According to Andrew Trister, MD, PhD and Verily Chief Scientific and Medical Officer, “These precision evidence capabilities are necessary to address care challenges in clinical practice and people’s daily lives. For example, let’s consider that 20% of patients on GLP-1 therapies don’t have significant weight loss despite adherence, and genetics offers no clues as to why there is variability in response. Verily can facilitate a study of this left-out cohort, revealing the myriad of reasons for non-response — cost, incorrect usage, side effects, etc. — that are difficult to track using typical health data alone.”

This high-resolution, continuous data may be valuable to pharmaceutical companies, particularly for GLP-1 research, as it allows monitoring and linking of patient-reported symptoms and side effects, such as specific gastrointestinal side effect profiles, to clinical events and device data. Dr. Trister goes on to explain that this deep understanding enables the refinement of existing GLP-1 treatment, such as through the potential microtitration of GLP-1s to optimize individual patient outcomes and side effect management, such as limiting nausea.

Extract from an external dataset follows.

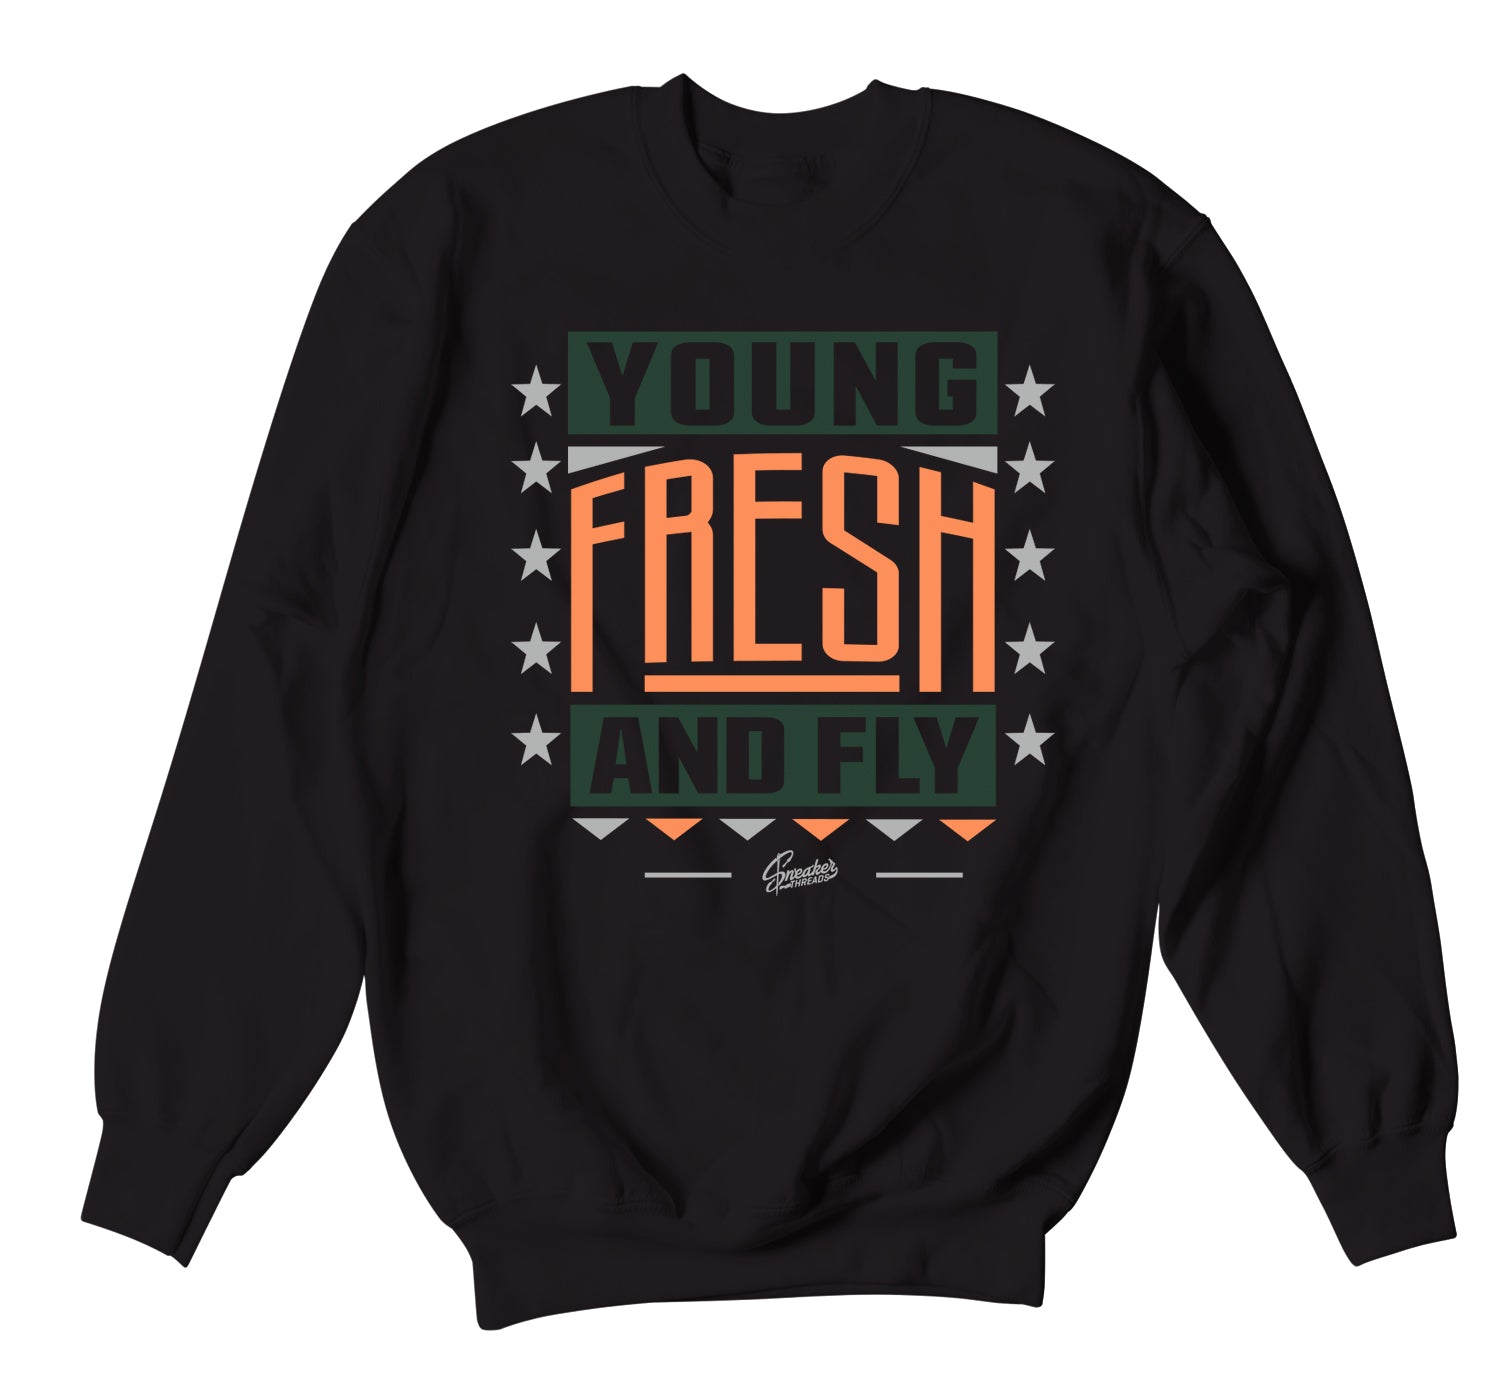 700 Wash Orange Sweater - Young Fresh - Black

As researchers delve deeper into the mechanisms of action and effects of GLP-1s and related, emergent and next-generation drug classes and formulations, they are expanding investigation on potential applications beyond cardiac and metabolic diseases. A key area focuses on the role of GLP-1s in reducing inflammation. Dr. Lehmann notes, “Since inflammation is believed to drive chronic diseases more generally, and because GLP-1s appear to target inflammatory pathways, they may have very far-reaching uses and health consequences beyond diabetes and weight loss, which is very exciting to me. Verily will help companies unlock pharmacologic applications in these areas, such as connections to longevity research. Basically, the research community believes we’re just at the ‘tip of the iceberg’ in understanding GLP-1 capabilities.”

So as the GLP-1 indications and use expand, so does the need to understand their everyday impact for revealing the mechanisms of disease progression and recovery or remission. Verily’s integrated evidence capabilities help fill these critical gaps by uniting high-resolution clinical, lifestyle, and behavioral data, in part, from continuous patient input. This approach empowers and equips pharmaceutical and life science teams with research-ready, relevant data to refine therapies, design more effective adherence strategies, and accelerate progress toward precision cardiometabolic care and beyond. The result: a clearer, more complete understanding of how GLP-1s and other future therapies can deliver on their promise for individuals in their real-lives.